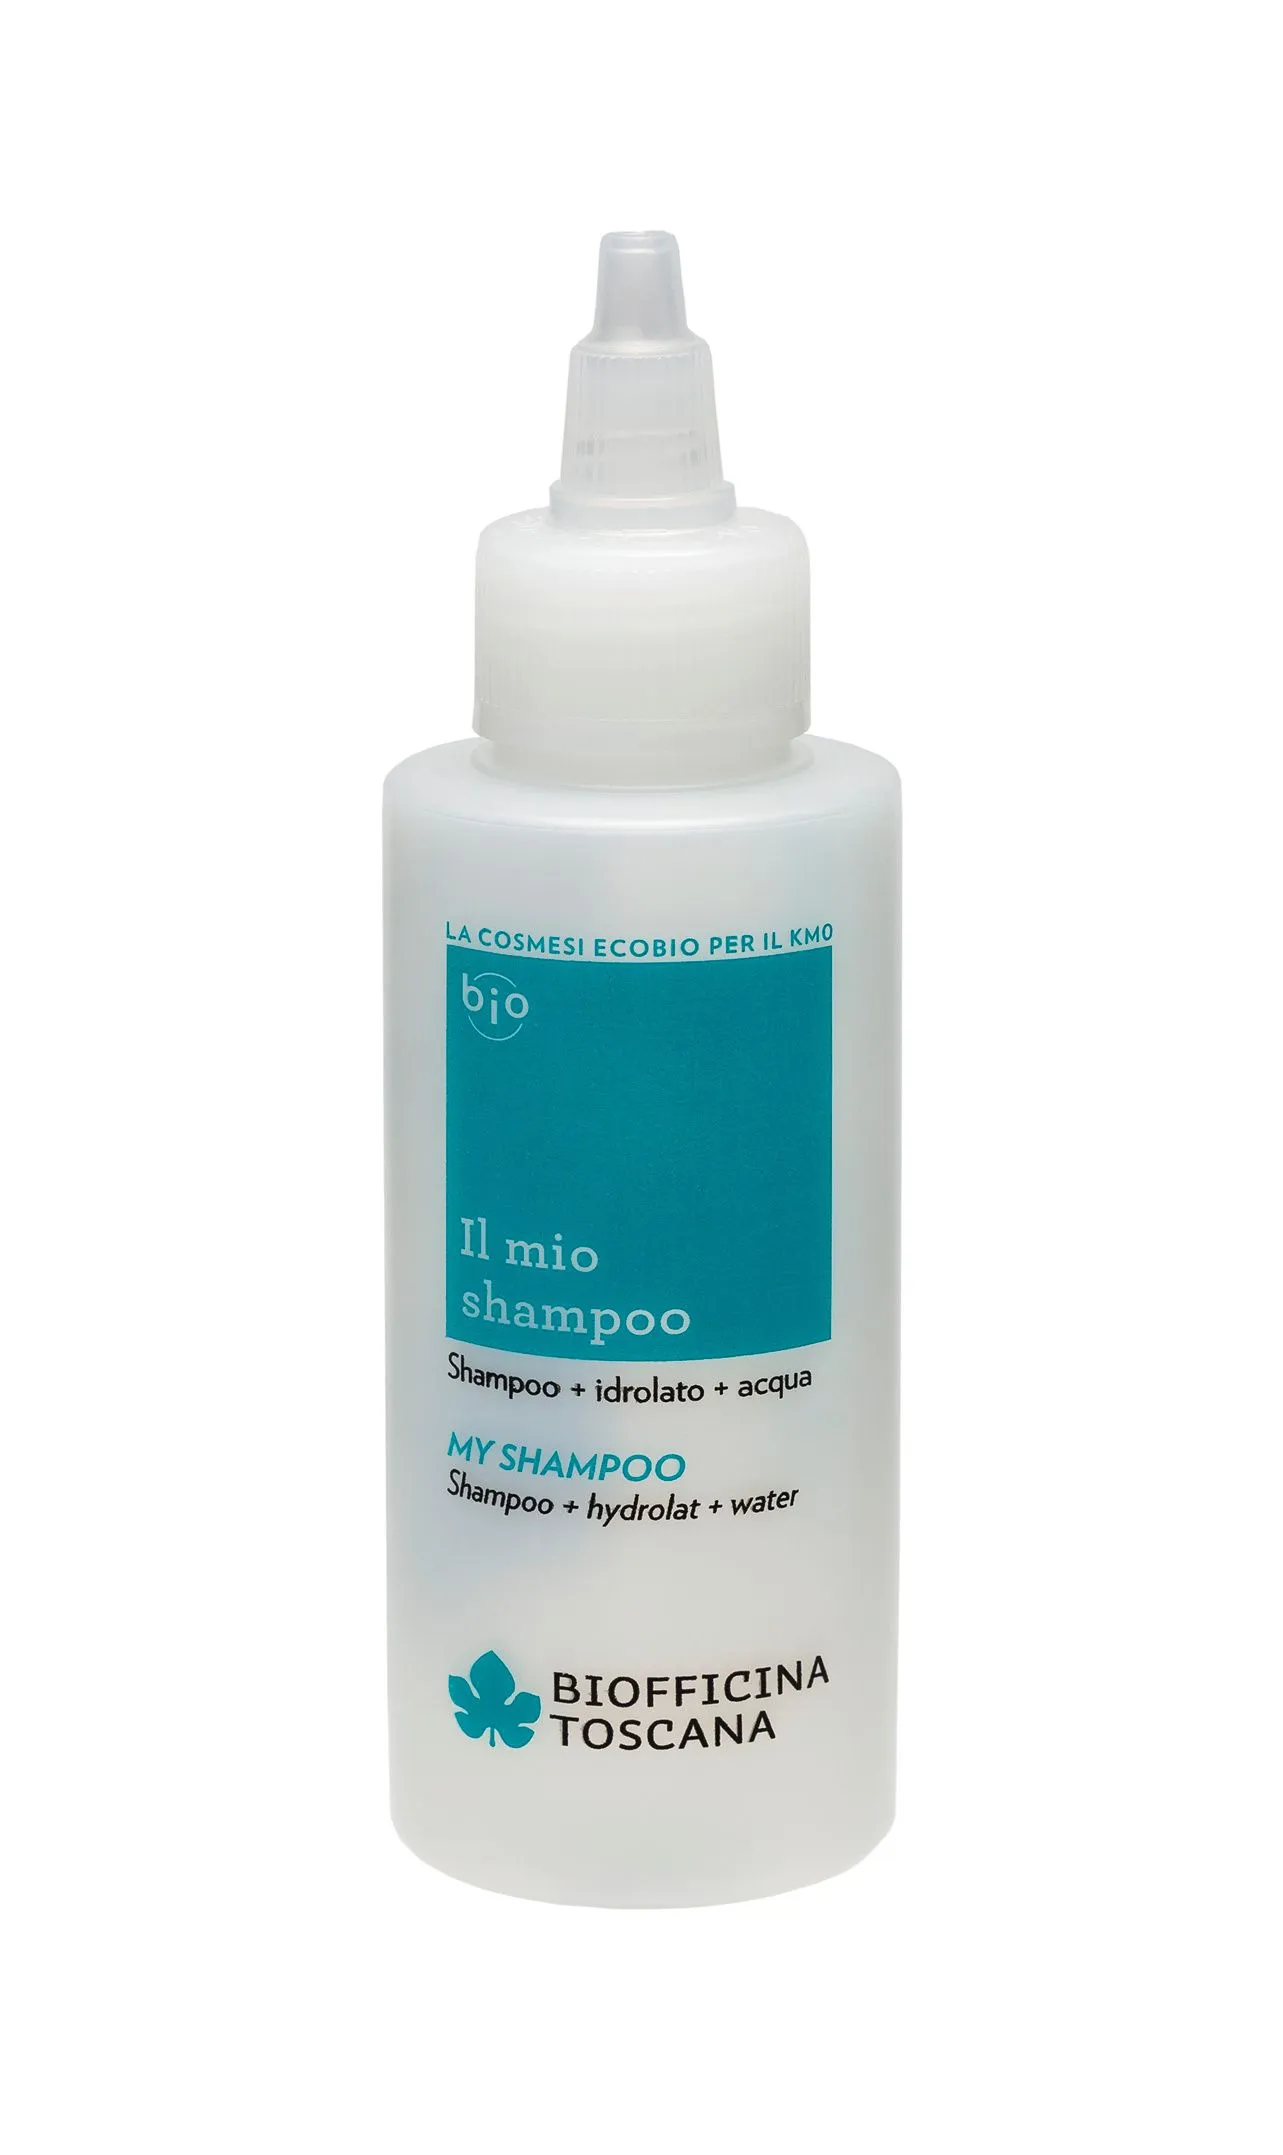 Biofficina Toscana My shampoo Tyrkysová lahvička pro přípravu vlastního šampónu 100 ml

* * *

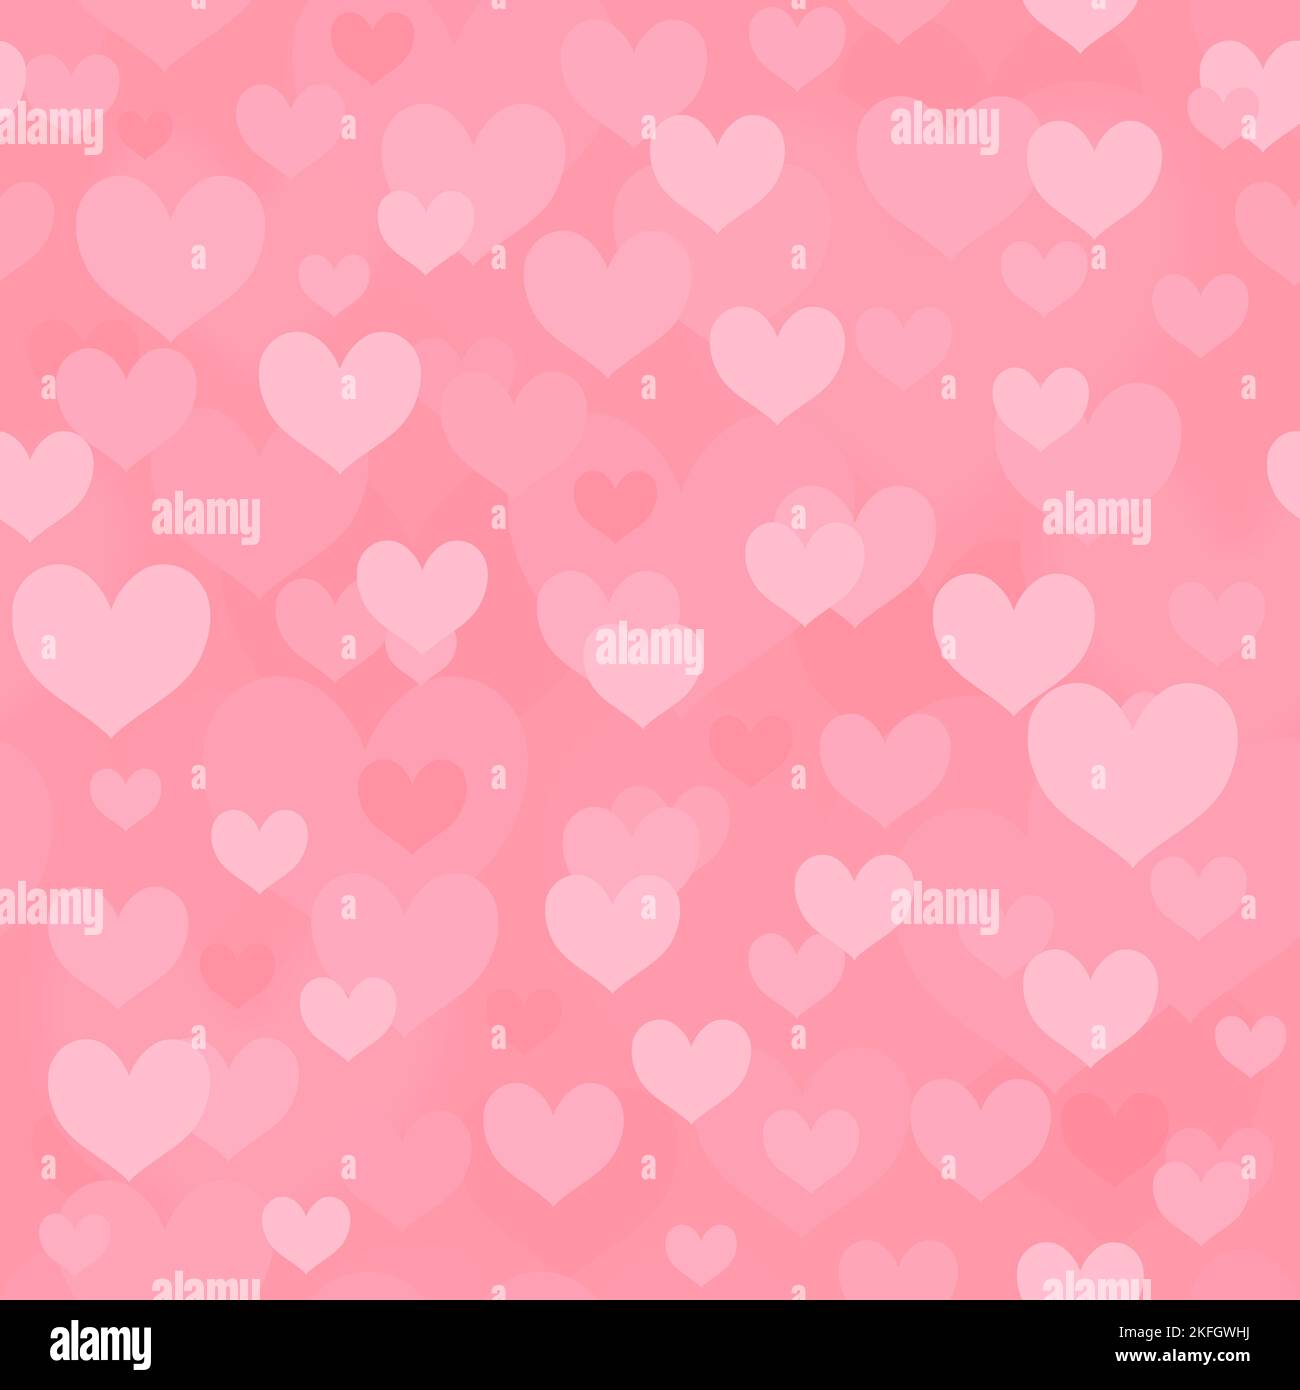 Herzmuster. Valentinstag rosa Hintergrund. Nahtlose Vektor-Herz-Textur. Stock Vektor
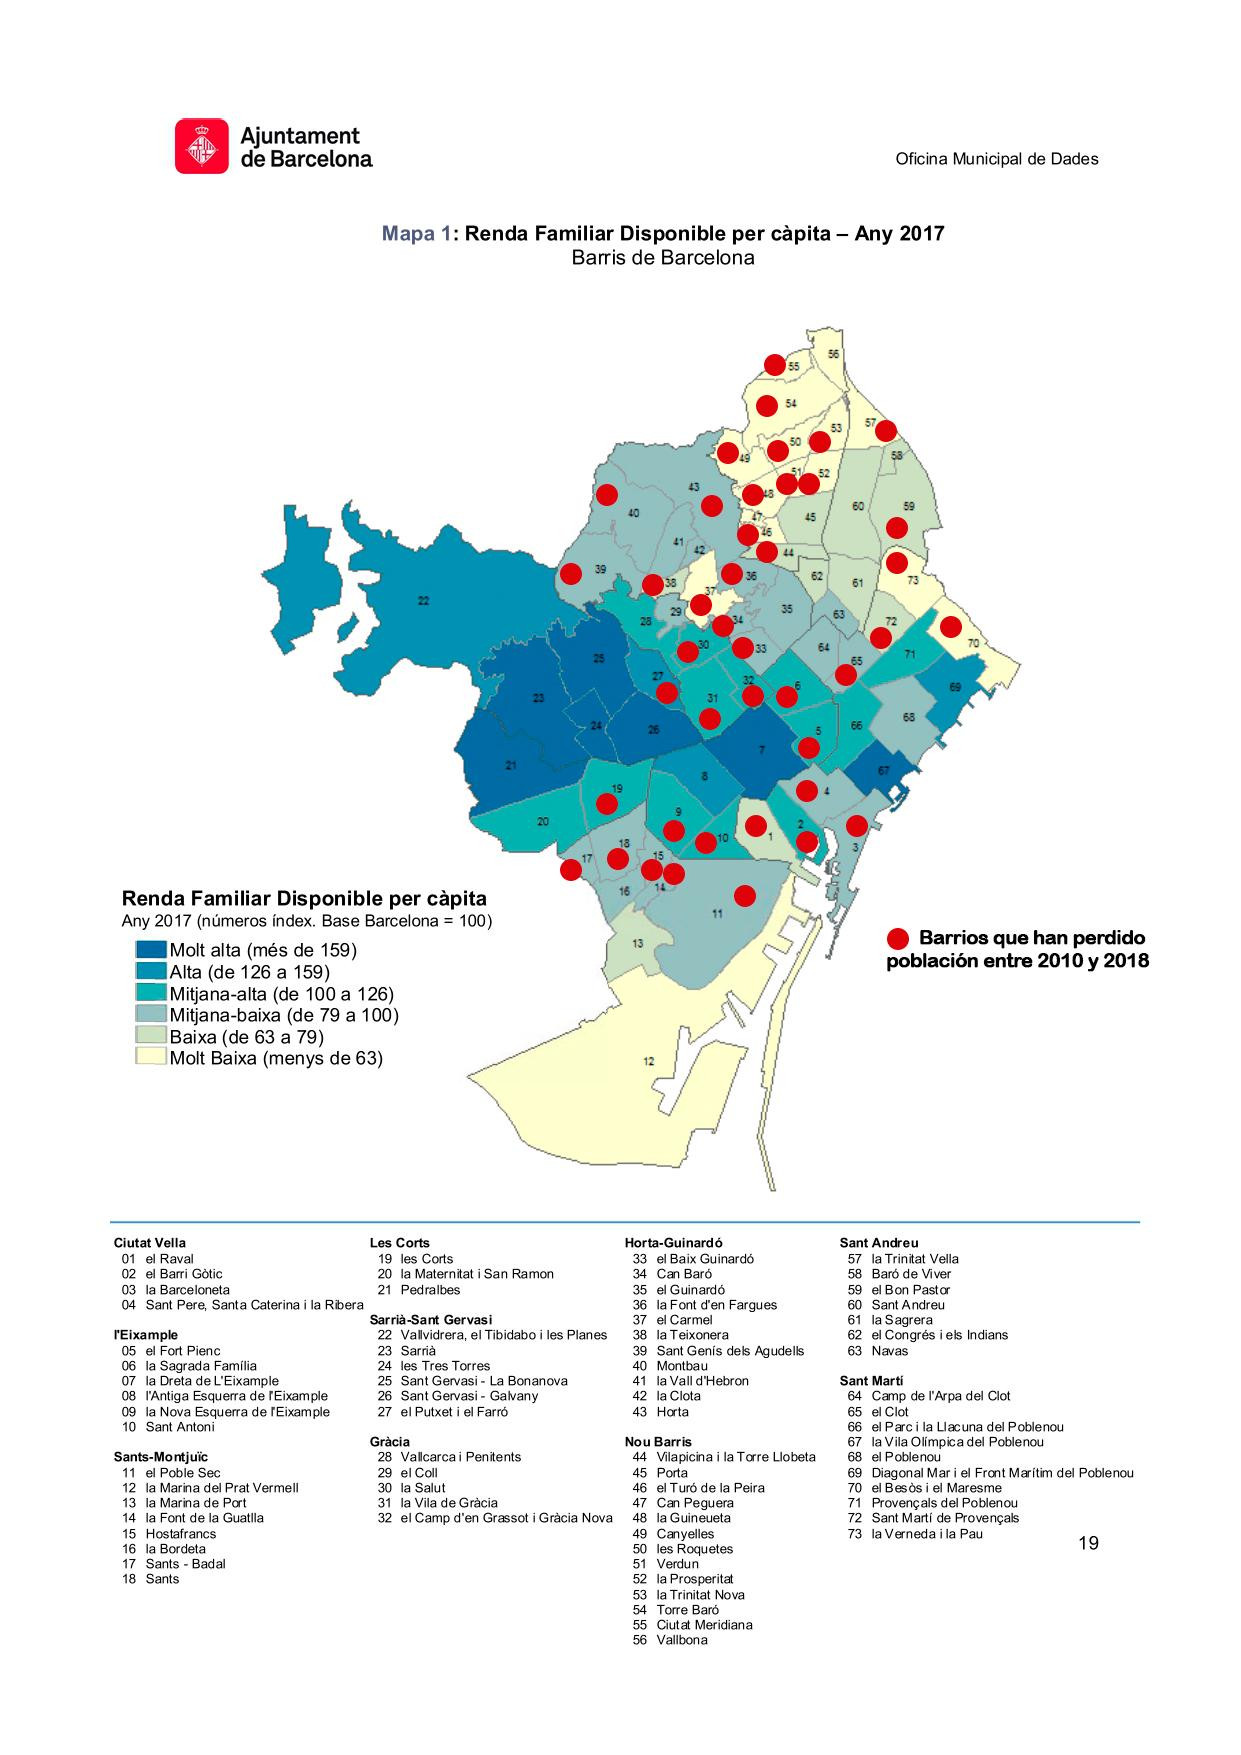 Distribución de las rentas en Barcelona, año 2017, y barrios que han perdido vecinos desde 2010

REQUIREMENT
Among the entries above, take the lines from the one with "Herzmuster. Valentinstag rosa" through the one with "Distribución de las" and retype them exactly, leaving out the pictures.

RESPONSE
 Herzmuster. Valentinstag rosa Hintergrund. Nahtlose Vektor-Herz-Textur. Stock Vektor
 Distribución de las rentas en Barcelona, año 2017, y barrios que han perdido vecinos desde 2010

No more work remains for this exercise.